Test-time Adaptation (TTA) Framework

We propose a test-time adaptation (TTA) framework to improve closed-loop robustness of pretrained E2E policies without retraining, consisting of an Observational Calibrator and a Test-time Policy Adaptation procedure.

Observational Calibrator

Source and target domains induce different latent distributions due to domain-dependent sensing, causing the pretrained policy to receive out-of-distribution representations. We use flow matching to learn a transport map that aligns the source latent distribution to the target, mapping source observations into representations compatible with the downstream policy and effectively recovering open-loop performance.

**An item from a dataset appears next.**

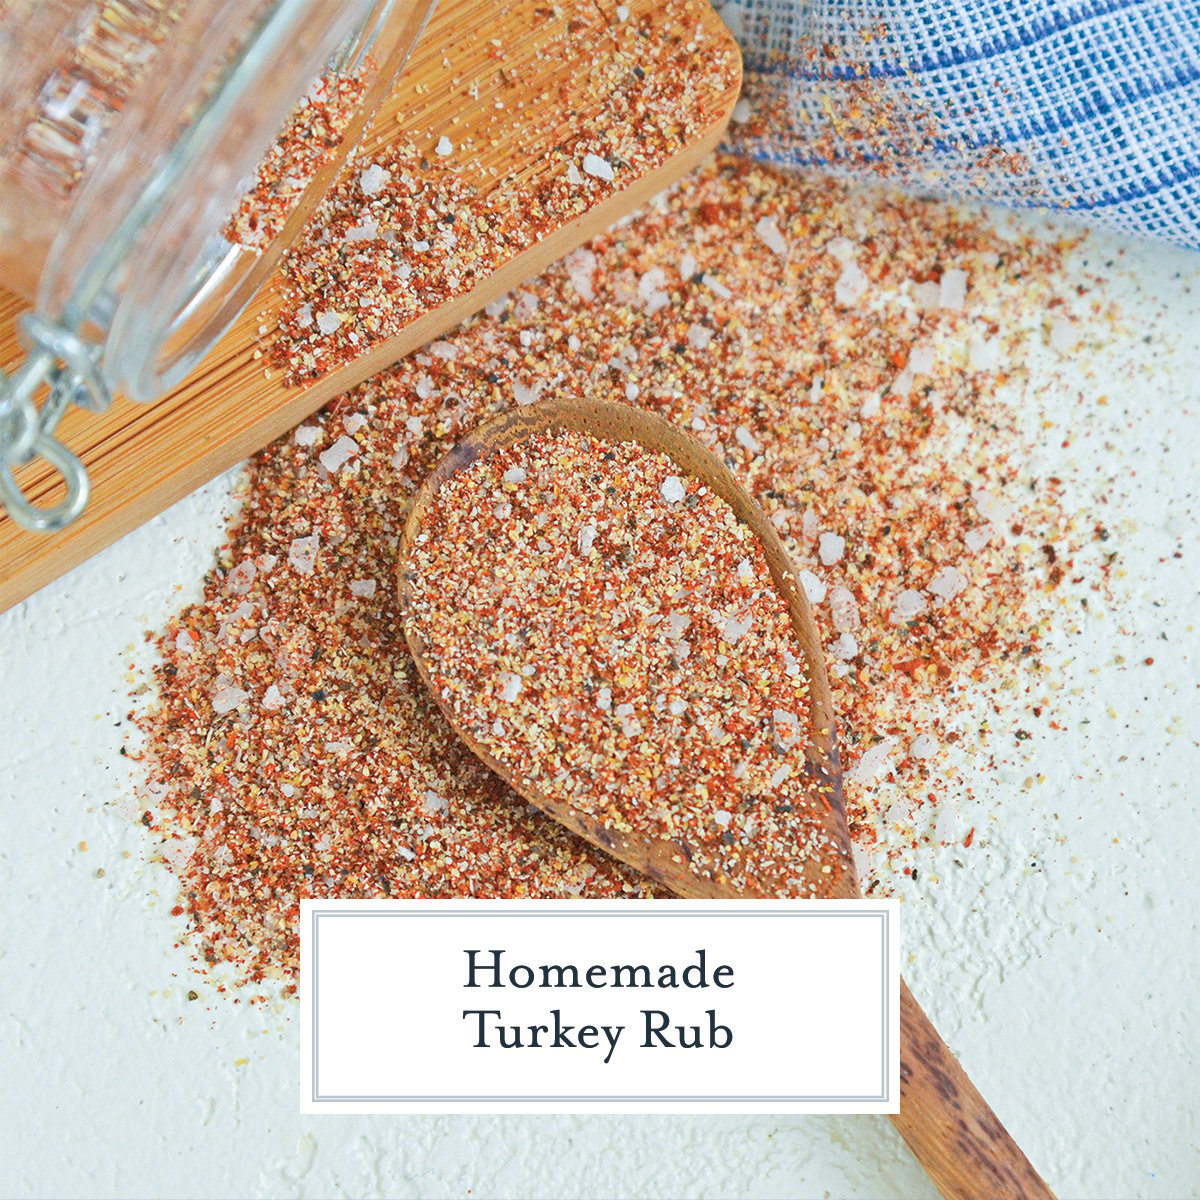 homemade turkey rub recipe with text overlay

Test-time Policy Adaptation

Unbiased Q-value Estimation

Standard Q-value estimation accumulates rewards infinitely, making it intractable under an open-loop model beyond the planning horizon $H$. We introduce a truncated action-value estimator that explicitly cancels the infinite tail:

$$\hat{Q}^{\pi}(s_t, \mathbf{a}_t) \triangleq R_k(s_t, \mathbf{a}_t) + \gamma^k \mathbb{E} \left[ V^\pi(s_{t+k}) \right] - \gamma^H \mathbb{E} \left[ V^\pi(s_{t+H}) \right]$$

At each step, the agent selects the candidate trajectory maximizing $\hat{Q}^{\pi}$, dynamically filtering out plans suffering from biased open-loop estimation.

Adaptive Replan

Standard test-time scorers operate memorylessly, selecting from the current candidate set at every step and causing action chattering. Instead, we carry forward the unexecuted remainder of the previous plan and retain it unless a new candidate yields a strictly higher estimated return, promoting temporal consistency and reducing unnecessary replanning across consecutive decision steps.